Based on GuruFocus estimates, the estimated GF Value for Occidental Petroleum Corp (OXY, Financial) in one year is $51.55, suggesting a upside of 18.86% from the current price of $43.37. GF Value is GuruFocus' estimate of the fair value that the stock should be traded at. It is calculated based on the historical multiples the stock has traded at previously, as well as past business growth and the future estimates of the business' performance. More detailed data can be found on the Occidental Petroleum Corp (OXY) Summary page.

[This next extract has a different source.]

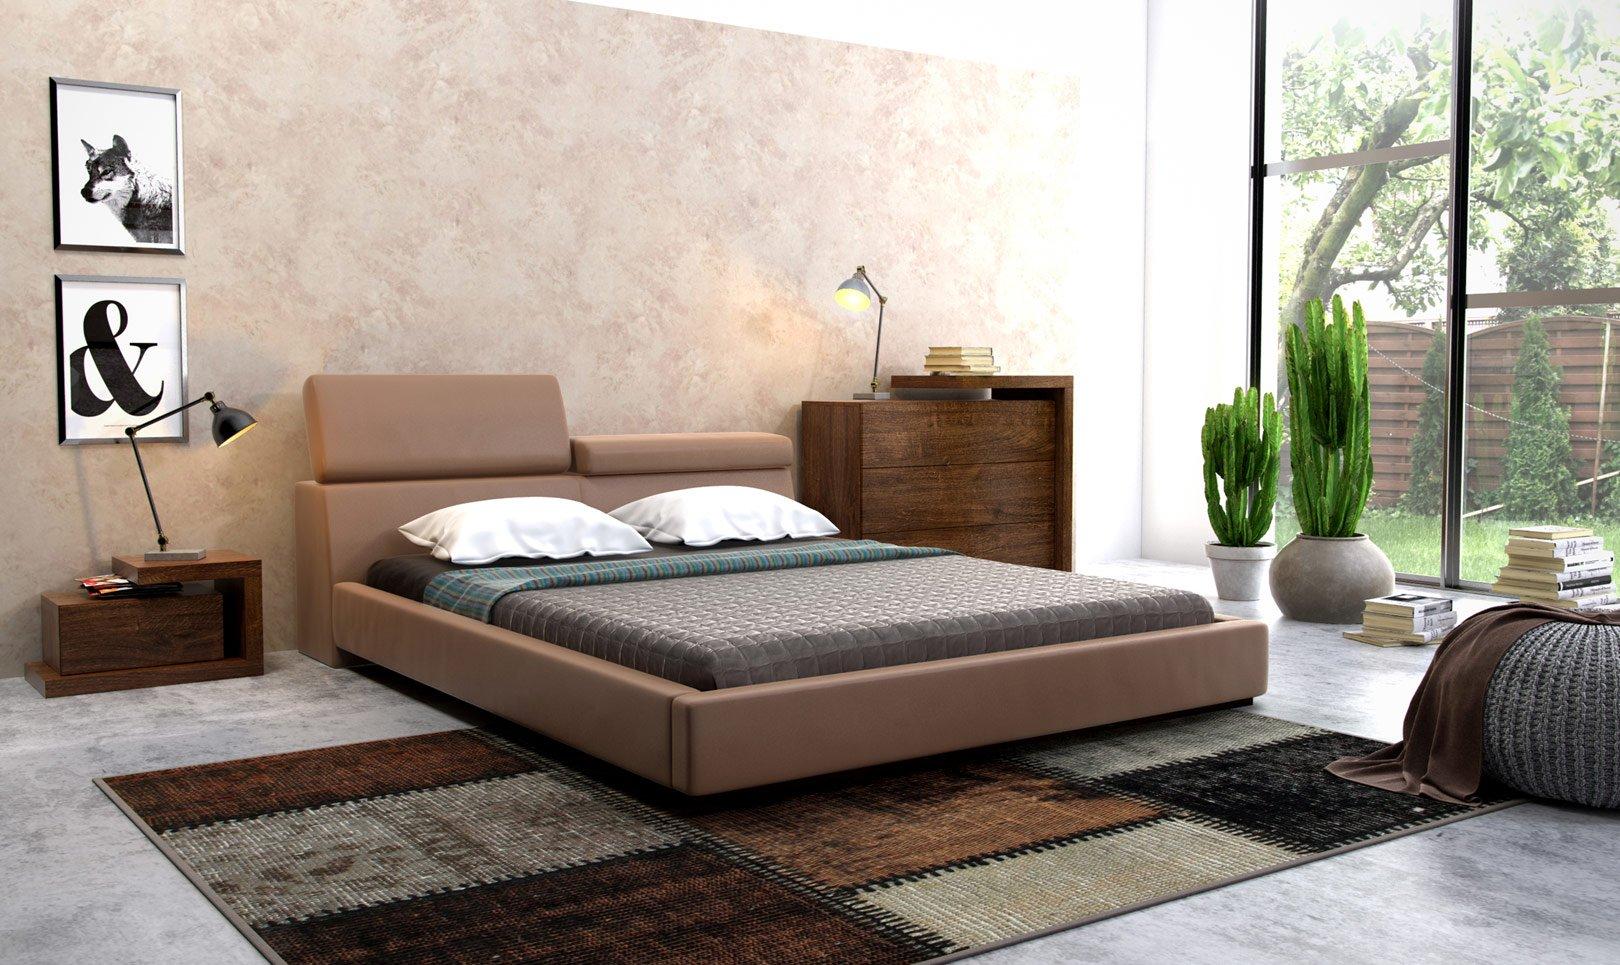 meble do sypialni elegance krak243w warszawa katowice

OXY Key Business Developments

Release Date: May 08, 2025

  • Operating Cash Flow: $3 billion before working capital in Q1 2025.
  • Oil and Gas Production: Over 1.39 million BOE per day, at the midpoint of guidance.
  • Domestic Operating Cost: $9.05 per BOE, below initial expectations.
  • Permian Well Cost Reduction: More than 10% reduction compared to last year.
  • Adjusted Profit: $0.87 per diluted share.
  • Reported Profit: $0.77 per diluted share.
  • Free Cash Flow: Approximately $1.2 billion before working capital.
  • Unrestricted Cash: $2.6 billion at the end of Q1 2025.
  • Debt Reduction: $2.3 billion retired year-to-date; $6.8 billion over the past 10 months.
  • Interest Expense Reduction: $370 million annually from debt repayment.
  • OxyChem Performance: $215 million on an adjusted basis.
  • Midstream and Marketing Outperformance: Driven by strong gas marketing optimization in the Permian.
  • Capital Guidance Reduction: Lowered by $200 million for the year.
  • Operating Cost Savings: Estimated $150 million in 2025 OpEx savings.

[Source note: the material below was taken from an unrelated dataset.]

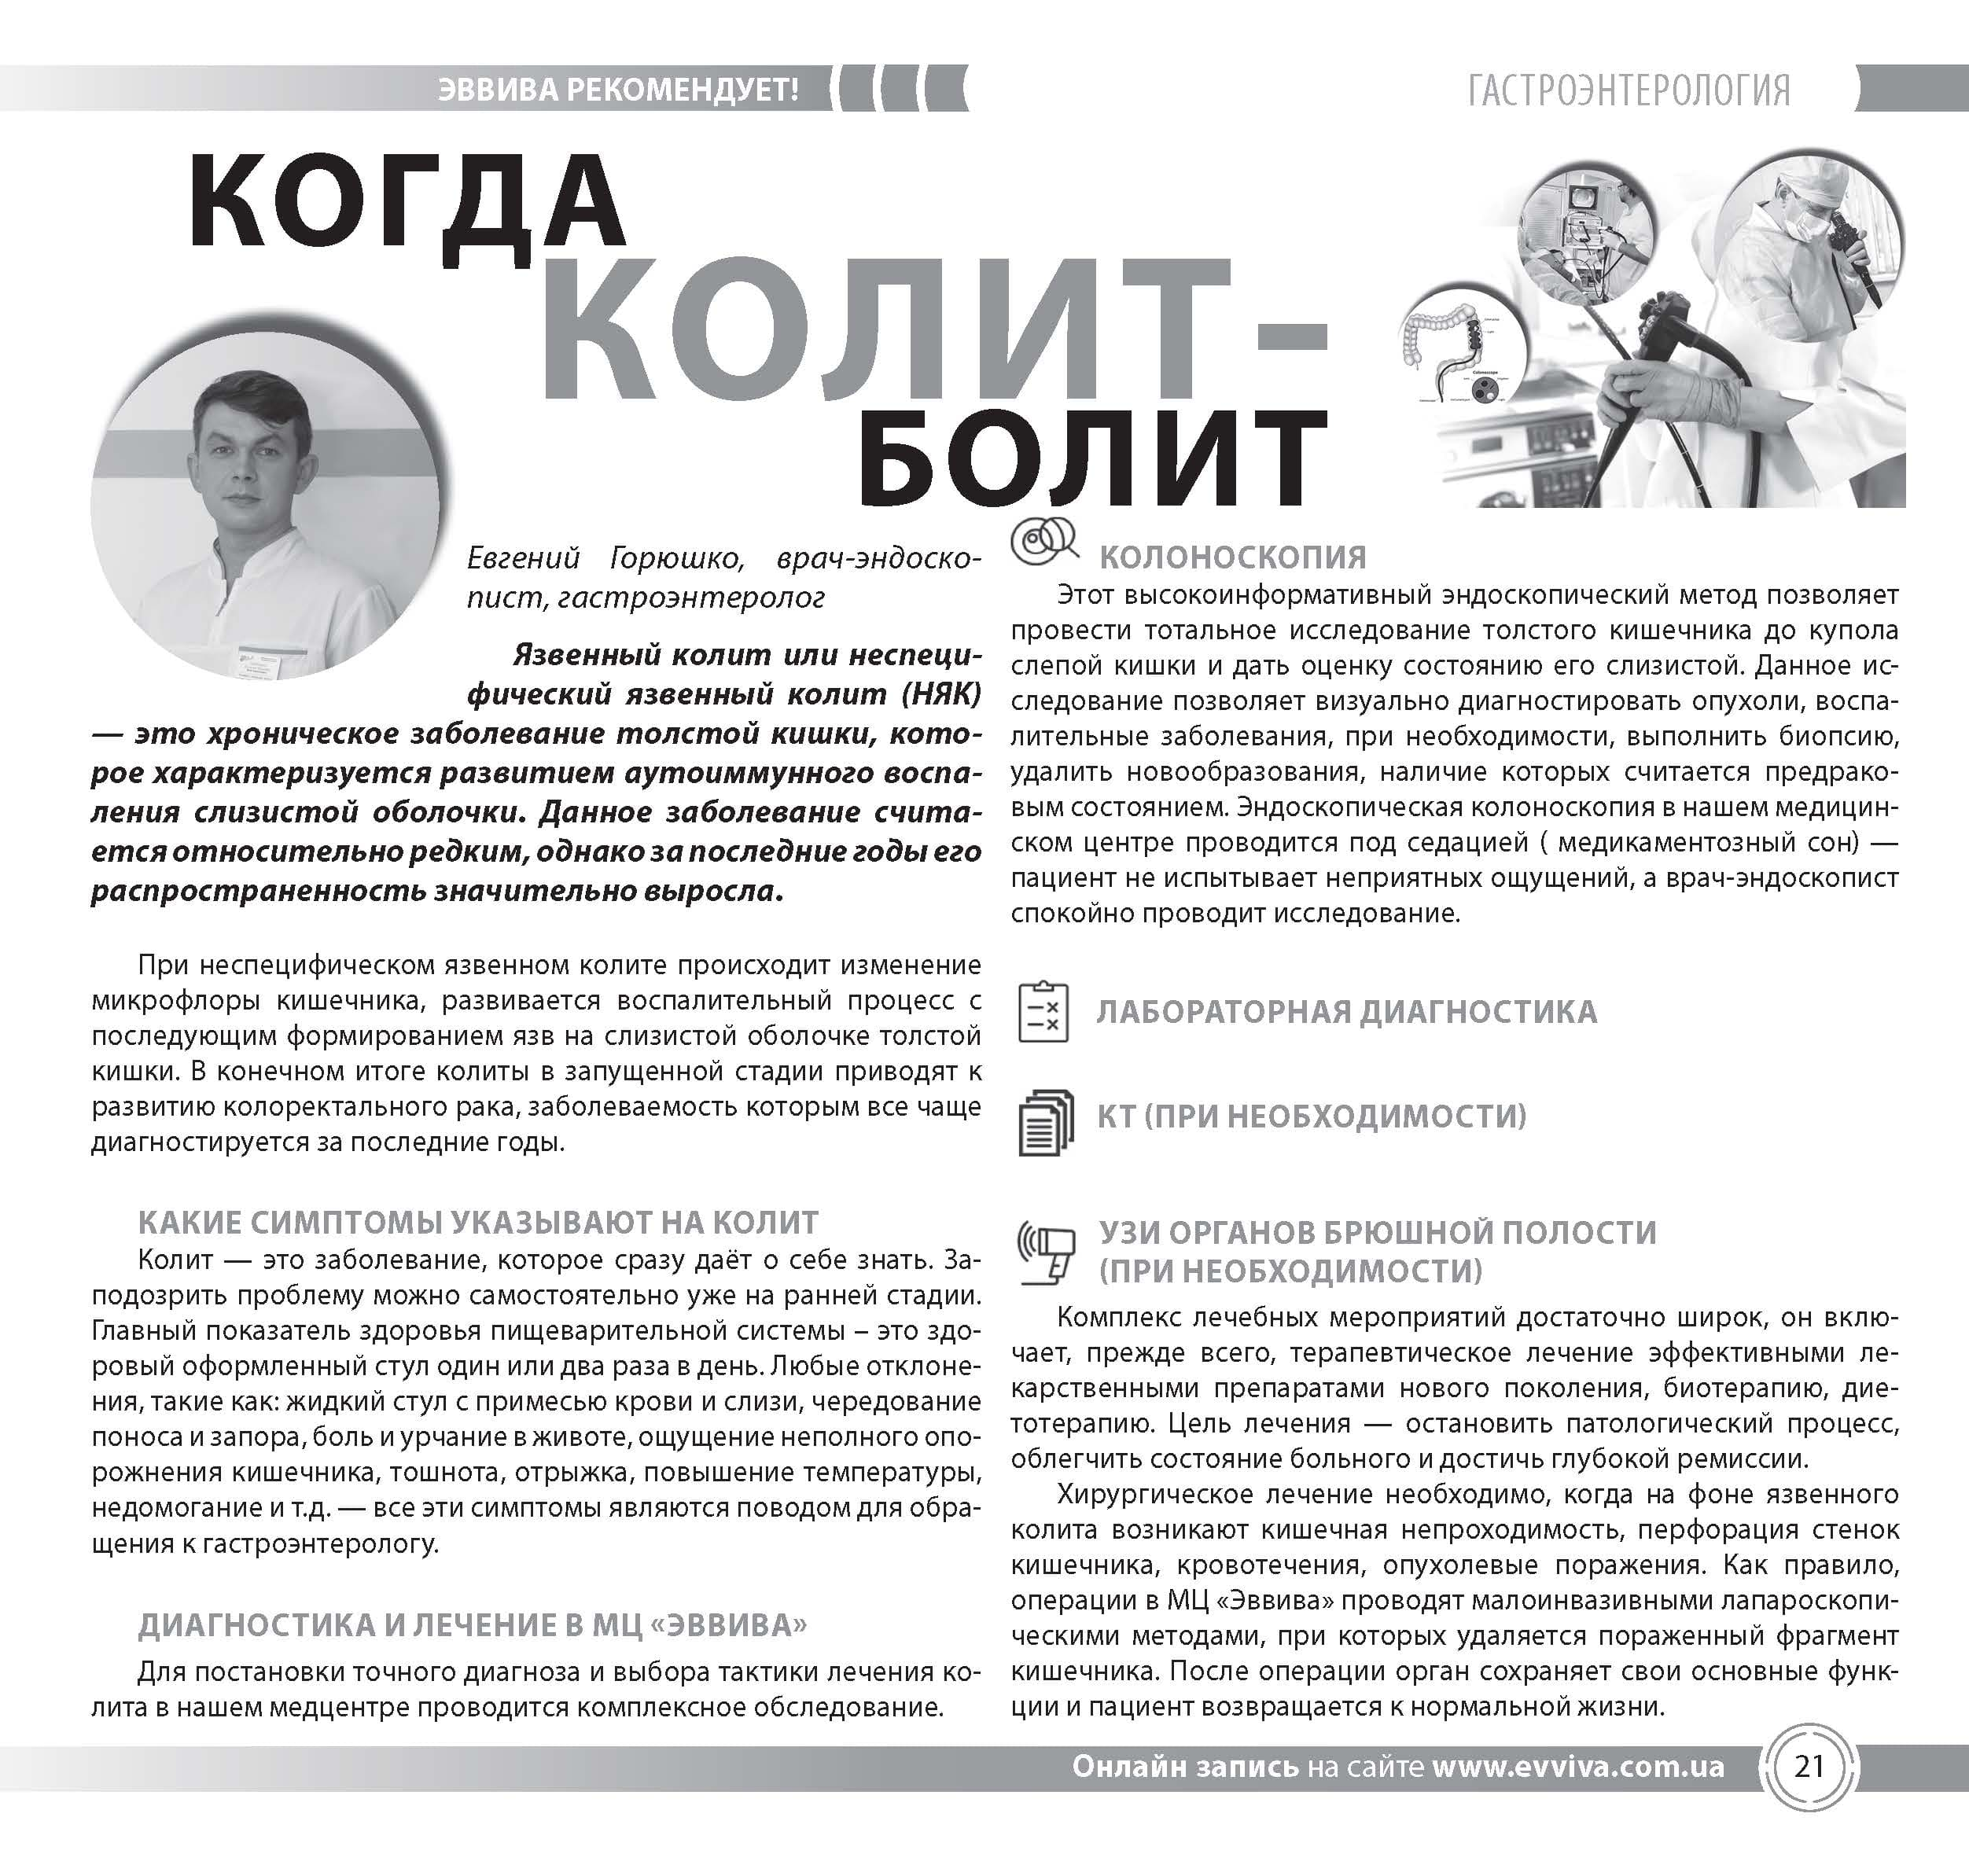 evviva-zhurnal-119-page21

For the complete transcript of the earnings call, please refer to the full earnings call transcript.

Positive Points

  • Occidental Petroleum Corp (OXY, Financial) generated $3 billion in operating cash flow before working capital in the first quarter, showcasing strong financial performance.
  • The company achieved a 15% improvement in drilling duration per well in the Permian, leading to a 10% reduction in unconventional well costs, surpassing their initial target.
  • OXY is in advanced negotiations to extend the Block 53 contract in Oman by 15 years, potentially unlocking over 800 million gross barrels of additional resources.
  • The midstream and marketing business outperformed expectations, driven by strong gas marketing optimization in the Permian.
  • OxyChem delivered $215 million on an adjusted basis, overcoming operational challenges and extending its market leadership as a low-cost operator.

Negative Points

  • The company faces heightened volatility and uncertainty in the macro environment, impacting commodity price stability.
  • OXY's Gulf of America production guidance was revised down due to discretionary capital optimization, including deferring a development well into 2026.
  • The company is experiencing elevated domestic operating expenses per BOE due to production mix shifts and maintenance activities.
  • Uncertainty around global trade and economic conditions in China is impacting the chemical segment's pricing and demand.
  • OXY is closely monitoring the evolving macro backdrop and may need to scale back activity if commodity prices weaken significantly.

Disclosures

I/We may personally own shares in some of the companies mentioned above. However, those positions are not material to either the company or to my/our portfolios.